Re: Property

From: Dick.Gray@bull.com
Date: Tue Dec 15 1998 - 10:06:32 MST


Samael asks: "If everyone has access to something, it 'belongs' to all of
them, yes?"

No! "Access" is not what defines property; property means right of
_control_. I can own something but still grant access to everyone. The
converse doesn't hold under the usual definition of property.

Further:
>Maybe I'm stretching the word belongs a little bit there, but I presume
you
>can see what I'm trying to say.

Yes you are, and not just a little bit; and no, I can't quite see what
you're trying to say. Maybe I'm a little obtuse this morning, I've only had
three cups of coffee. :-)

But let me take a stab...you seem to be implying, by turns, that a) nobody
owns anything, or b) everybody owns everything. Of course, holding both of
these propositions at different times makes your position incoherent. But
let's address each by itself and see if either of them stands up to reason.

I think (b) is easily disposed of as either involving a self-contradiction
or reducing to meaninglessness. To belabor the point, how could it be that
everyone in the world has exclusive title to control any specific thing,
let alone everything? Even if we relax the tension by omitting the
condition of exclusivity, we have everyone potentially vying for control
all the time. If we retain exclusivity, the problem is worse. Somebody has
to make the decisions. Somehow things have to get allocated in some
reasonable manner. How?

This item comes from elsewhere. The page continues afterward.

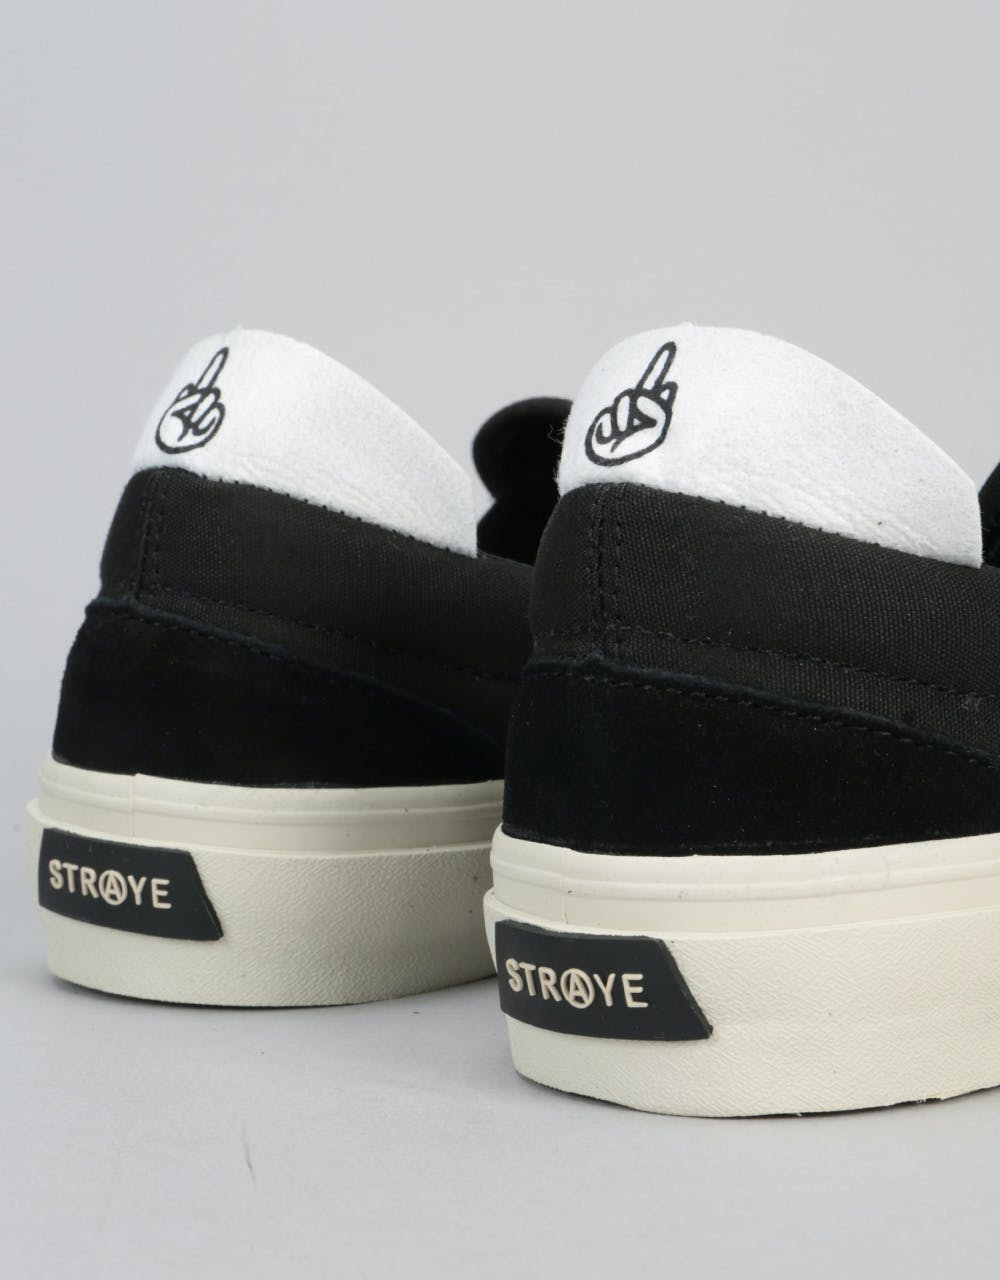 Straye Ventura Slip-On Skate Shoes - Black/Bone Suede

In practice (if any society were foolhardy enough
to try to practice it) it's pretty clear that the situation would
immediately resolve itself into some system of entitlement, no matter what
they (or you) chose to call it. State "ownership" is not equivalent to
common ownership, since it implicit assumes the property "rights" of the
power structure.

So we're down to (a). Obviously this is the original "state of nature". But
how can it be maintained and permit anyone even to survive? If you, for
instance, pick and eat an unowned fruit, you're immediately "guilty" of
appropriating the fruit and making it your property (control can't get much
more exclusive than digestion). So it's a tort just to live, if you're
correct in forbidding property. Obviously this is untenable.

We're left (by elimination) with the necessity of property (title to
exclusive control). Now we can argue about how property is legitimately
acquired, but we can't consistently reject the idea of property itself.